LUAD-specific prognostic lncRNA signatures identification
Progression-free survival (PFS) time was calculated from the date when patients first received chemotherapy until the date of progression or the last follow-up or death. Using TCGA dataset, the associations between DElncRNAs in ceRNA network and PFS in stage I LUAD patients were evaluated using univariate Cox regression analysis. The samples were divided into high expression and low expression groups based on the median FPKM of lncRNAs. Kaplan-Meier (KM) survival analysis and Log-rank (LR) test were performed, and LR P value, hazard ratio (HR) with 95% confidence interval (CI) were computed. Survival and survminer R package were used for Cox regression analysis, and the statistical P<0.05 was considered as significant.
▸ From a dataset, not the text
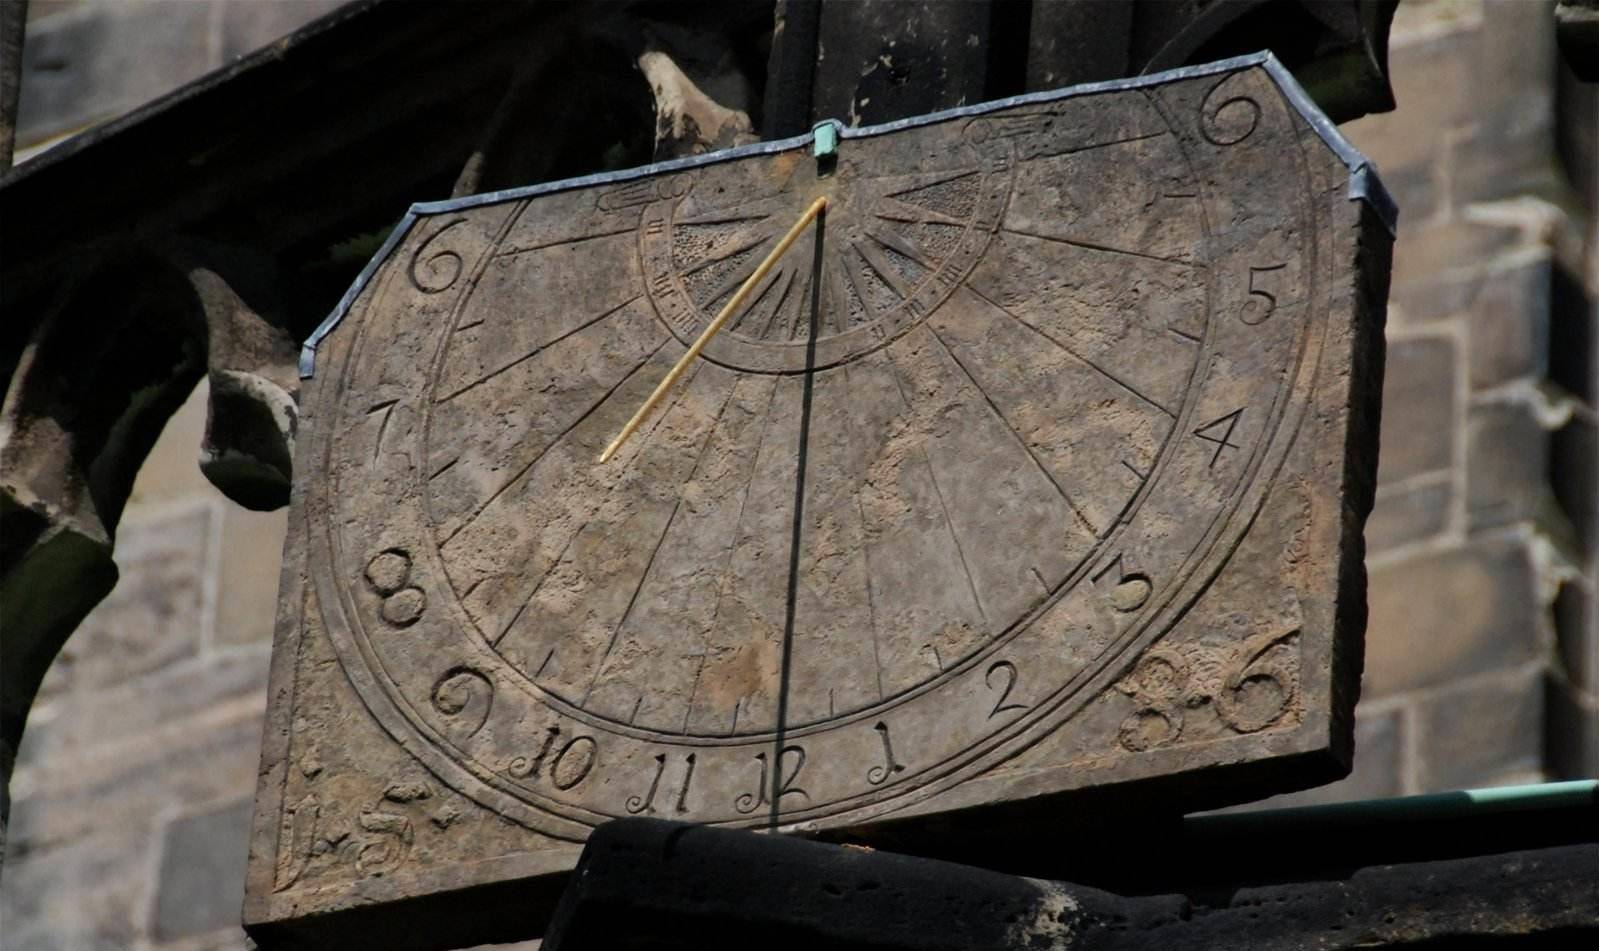 欧洲文艺复兴时期的日晷观察太阳和星星的问题,可能是埃及人发明了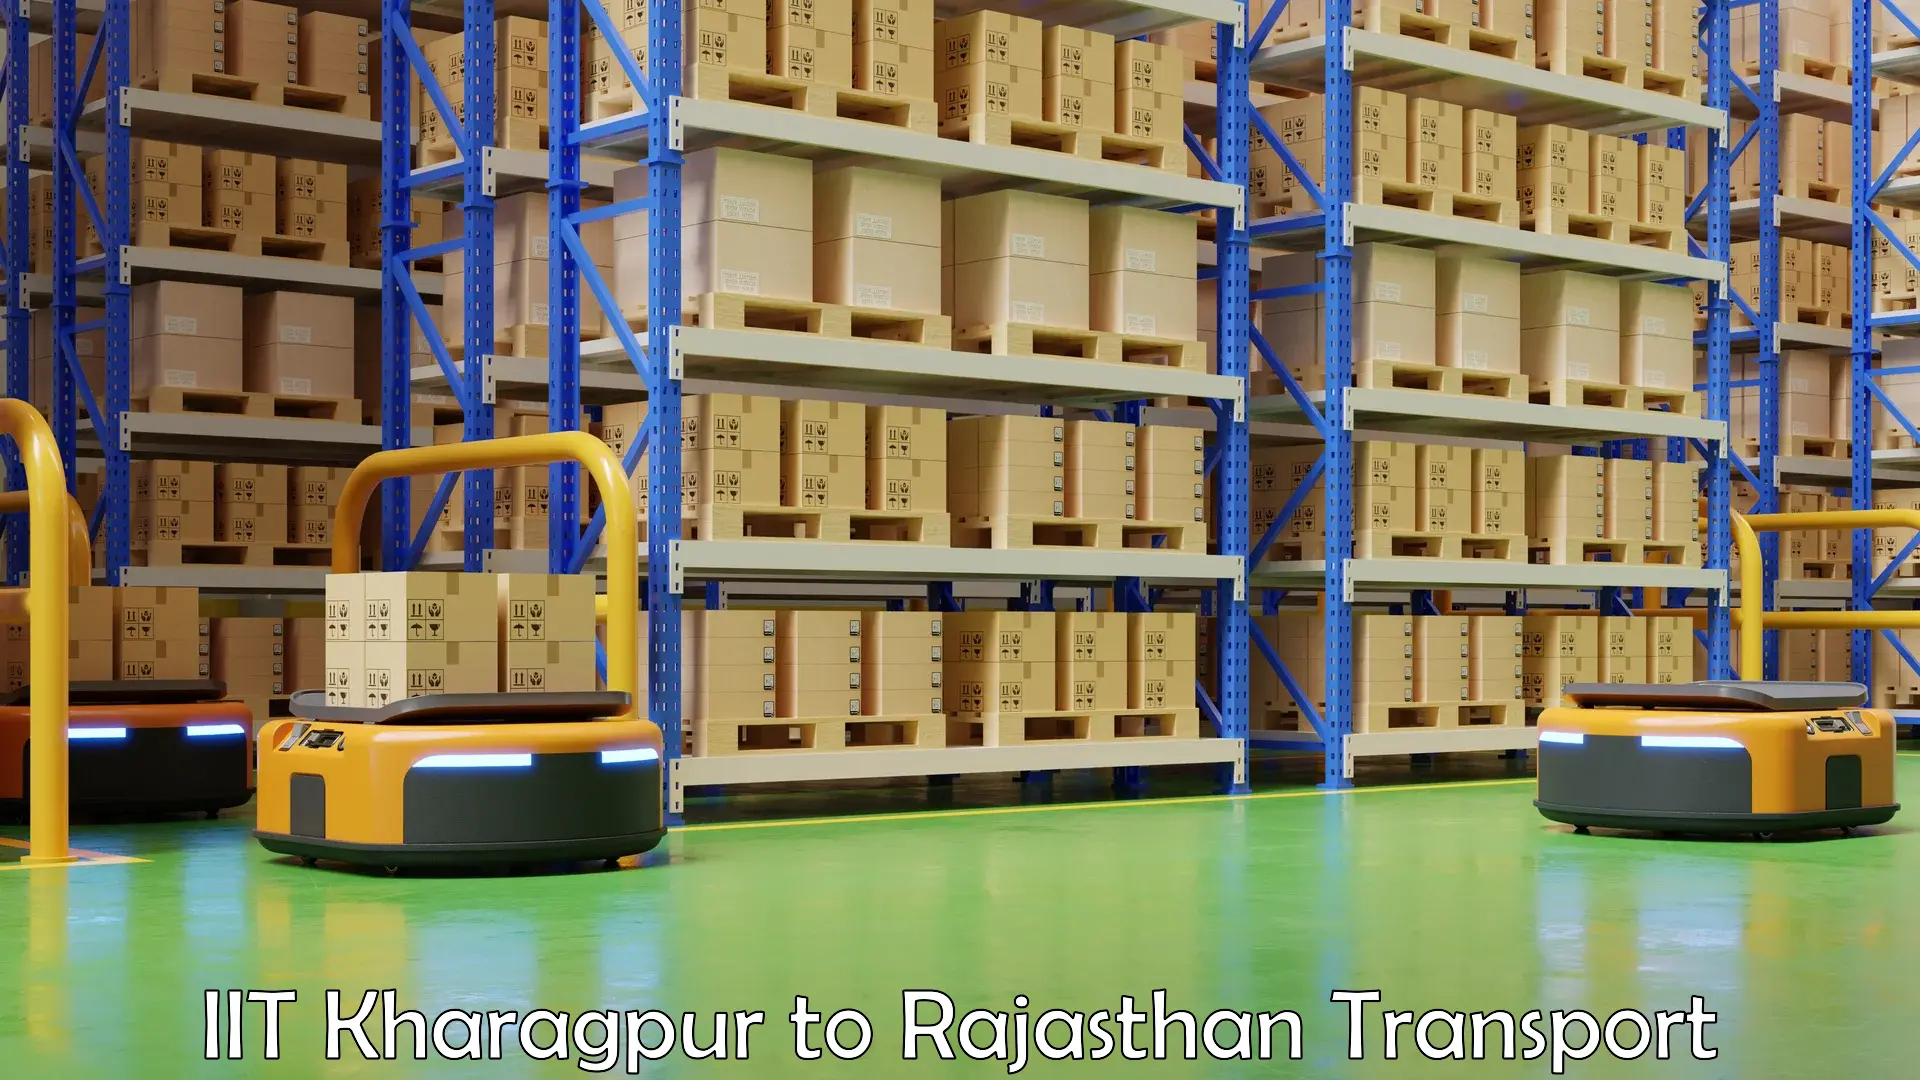 Cargo transport services in IIT Kharagpur to Bijainagar

RNA extraction and quantitative real-time RT-PCR assay
Total RNA was extracted using (Trizol®; Sigma) from 28 paired LUAD tissues, according to the manufacturer’s recommendations. After purification, the RNA was transcribed into cDNA using Reverse Transcription Kit (Takara, Tokyo, Japan). RT-PCR analysis was performed using the SYBR Green (Takara). The primers used for RT-PCR were: FENDRR primers were AGTCACAGCACCAGAAAGCCAAC (sense) and TGATGTTCTCCTTCTT GCCTCAGC (anti-sense); LNC00639 primers were GTGAGTGTTCAGACATGCCAGGAG (sense) and AGCCGAGTGGATTCAGCGAGAG (anti-sense); RP4-676L2.1 primers were TGTTTGAAGCCGTGAGACTGAGTG (sense) and CTCCTTTGCTGGCTC TTCCTCATC (anti-sense).